The hydrophobic/superhydrophobic polymer coating was fabricated through a nanocasting technique using the PDMS templates. Figures 16.26 and 16.27 shows the structures on the surfaces of the nanocasted layers on the CRS slides observed using SEM. Numerous papillary microstructures whose average diameter is about 7-9 μm are formed on the surfaces. The papillary microstructures are replicas of the surface patterns of the X. sagittifolium leaves.

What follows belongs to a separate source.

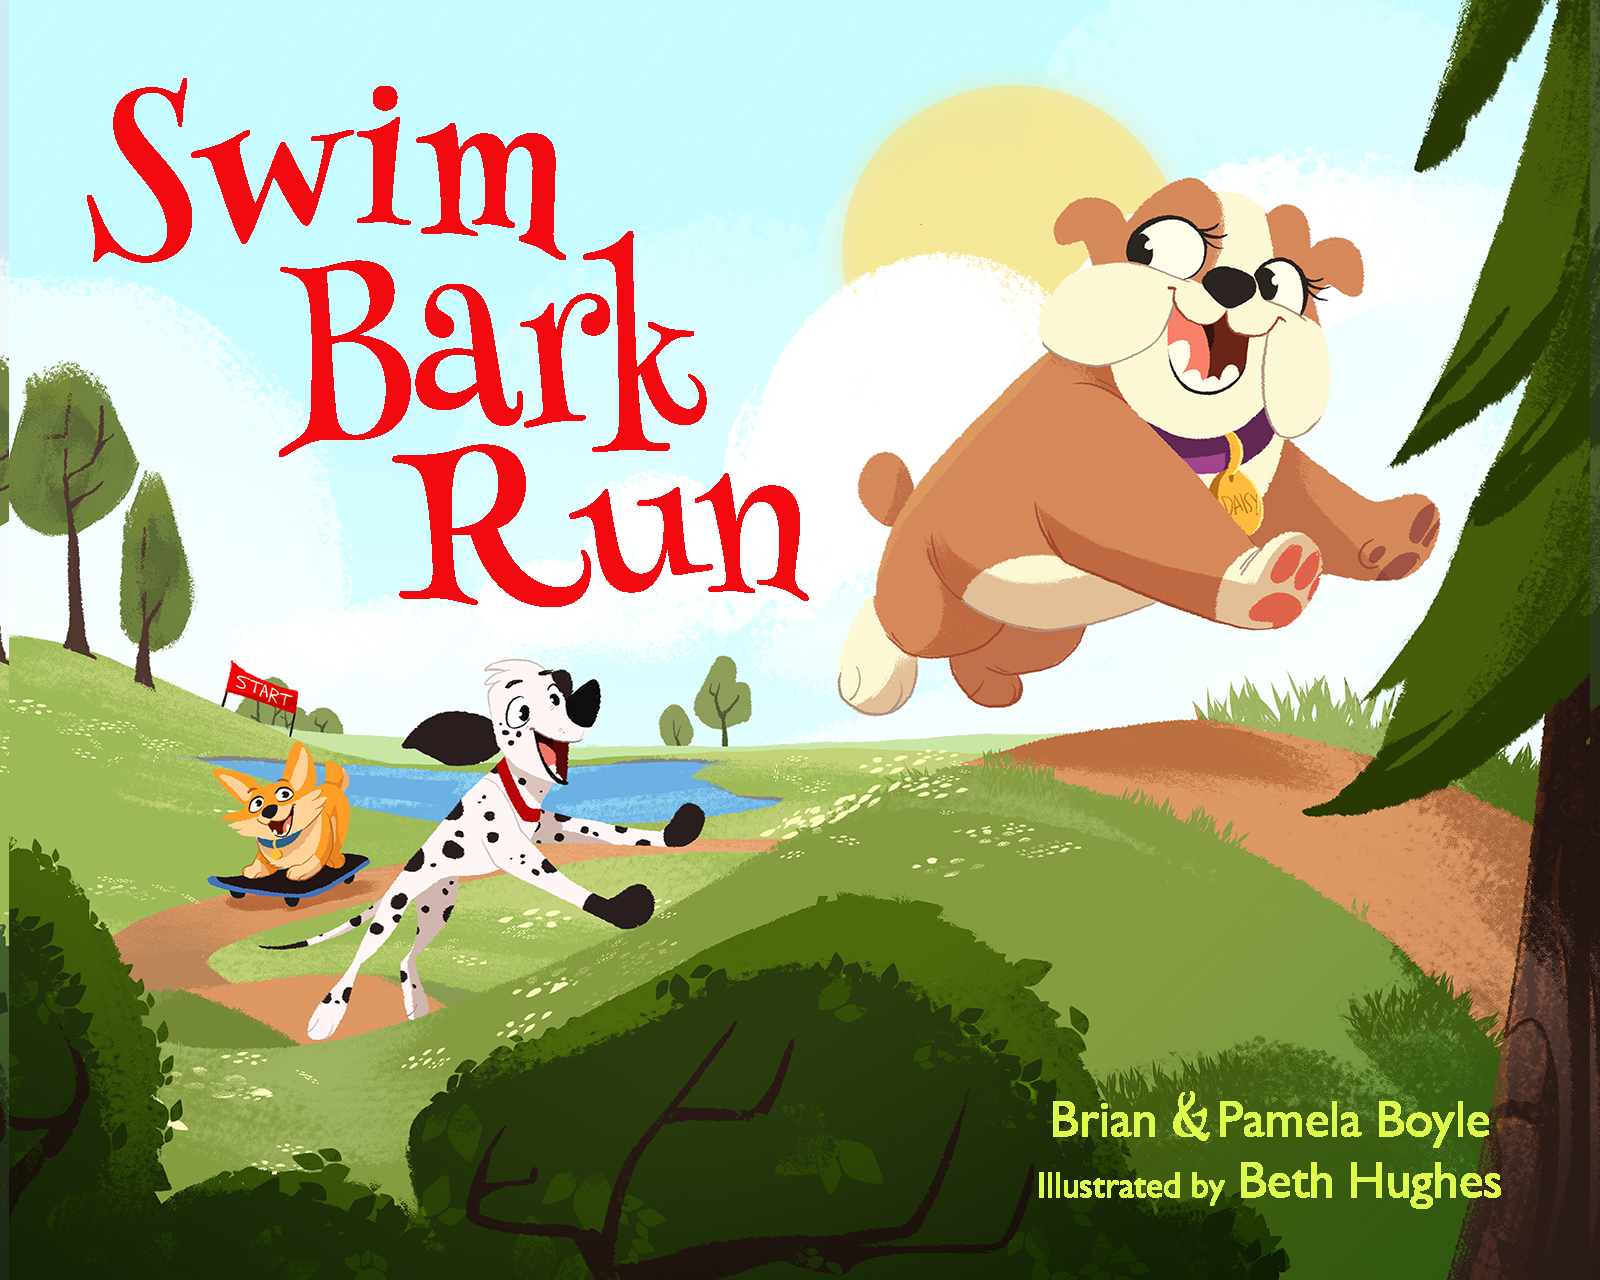 Swim Bark Run book cover art

Figure 16.28 shows the schematic diagram for the fabrication of hydrophobic/superhydrophobic electroactive polymer coating materials. First, a PDMS prepolymer is cast against a fresh X. sagittifolium leaf surface and then cured under proper conditions. The PDMS template prepared has negative X. sagittifolium leaf surface structures and is obtained after peeling the leaf off. Second, the substrate is covered with the EAP solution, and the template is pressed against the CRS. After the process and peeling off the PDMS template, a X. sagittifolium leaflike surface is formed on the CRS.

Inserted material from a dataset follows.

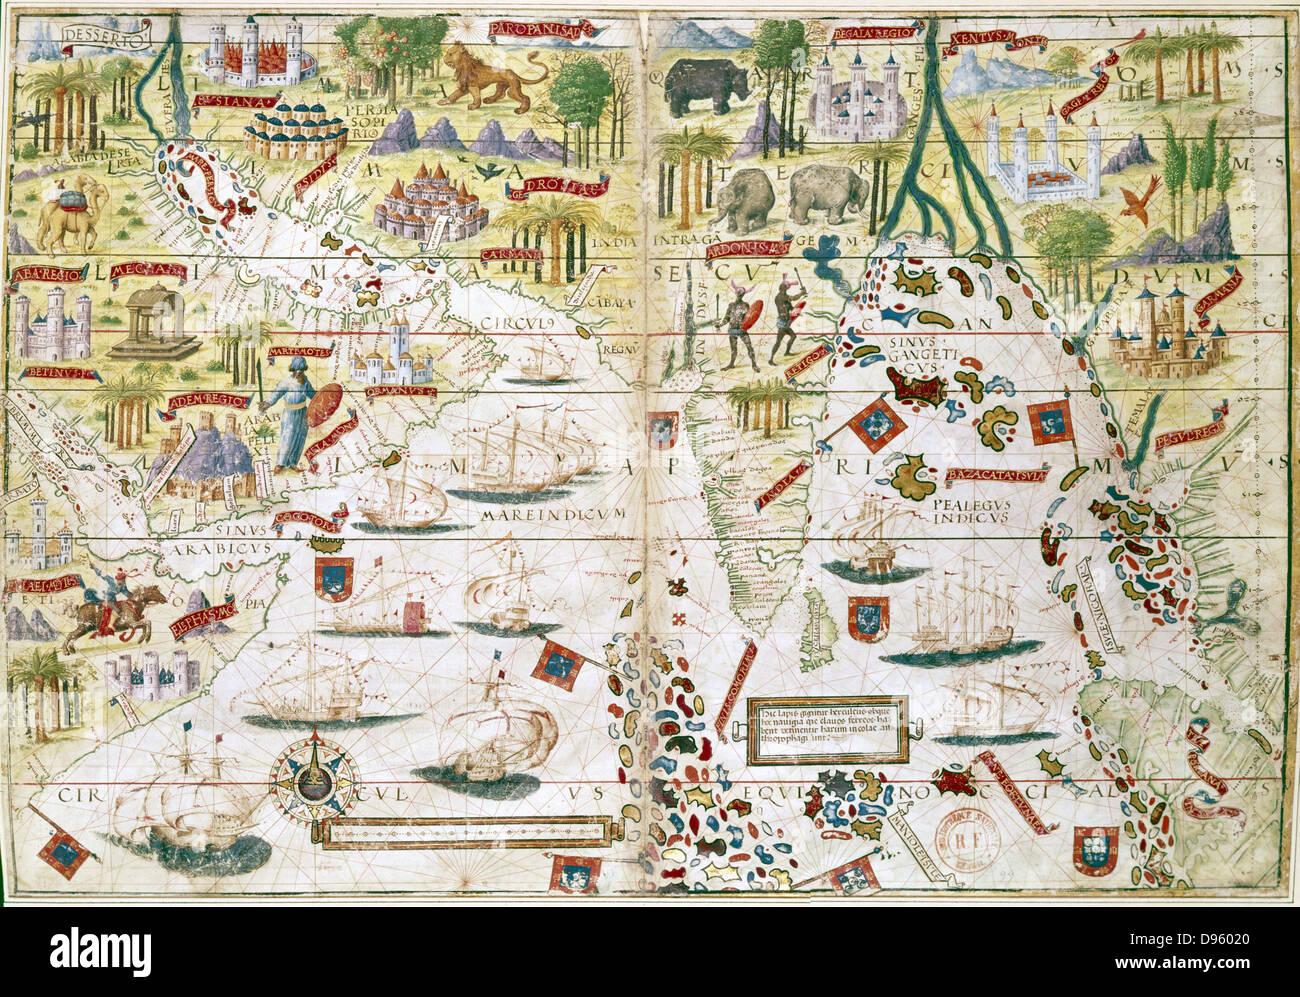 Cartina India Del Nord.Indian Map Cartography Immagini E Fotos Stock Alamy

The resulting hydrophobic electroactive epoxy (HEE)29, superhydrophobic electroactive epoxy (SEE),28,30 polyaniline (SH-PANI),31 and polyimide (SEPI)32 with the replicated nanostructured surface showed a hydrophobic and superhydrophobic characteristic with a water contact angle of ~ 120° and ~ 155°. The significant increase in the contact angle indicated that the biomimetic morphology effectively repelled water. The results of potentiodynamic and electrochemical impedance spectroscopic measurements in saline conditions (Figure 16.29 and Table 16.4) indicated that the electroactive epoxy coating with superhydrophobic surfaces (SEE) offered better protection against corrosion than the electroactive epoxy (EE) coating did.
Table 16.4
Electrochemical corrosion measurements for EE and SEE.28
Sample Code | Immersion Perioda (day) | pH valuesb | Electrochemical Corrosion Measurements | |||
Ecorr (mV) | Icorr (μA/cm2) | Protection Efficiency (%) | Coating Thickness (μm) | |||
Barec | 0 | 7 | − 839 | 32.73 | ||
EE | 0 | 7 | − 564 | 10.11 | 69.11 | 31 |
SEE | 0 | 7 | − 244 | 4.33 | 86.77 | 30 |
SEE | 0 | 5 | − 246 | 4.39 | 86.58 | 30 |
SEE | 0 | 3 | − 253 | 4.60 | 85.94 | 29 |
SEE | 0 | 1 | − 259 | 5.02 | 84.66 | 32 |
bare | 7 | 7 | − 1047 | 46.88 | − 43.23 | - |
EE | 7 | 7 | − 628 | 15.58 | 52.39 | 31 |
SEE | 7 | 7 | − 253 | 4.48 | 86.31 | 31 |
a 3.5% aqueous NaCl electrolyte as an immersion solution.
b pH values control by 1 M HCI (aq).
c Pristine CRS used for test.
EAPs have been shown to offer many potential advantages as corrosion protection coatings. This chapter is intended to provide the reader with an understanding of synthesis and mechanism of corrosion in metal with protective EAP-based coatings.
Enhancement of corrosion protection using EAP-based coatings might be attributed to the following three reasons: (1) the redox catalytic capabilities of oligoaniline units in EAP may induce the formation of passive metal oxide layers on CRS electrode, (2) the well-dispersed inorganic fillers embedded in EAP matrix could function as an impervious layer to effectively enhance the oxygen barrier property, and (3) the hydrophobicity/superhydrophobicity of the coating repelled the moisture and further reduced the water/corrosive media adsorption on the EAP surface, preventing the underlying metals from corrosion attack.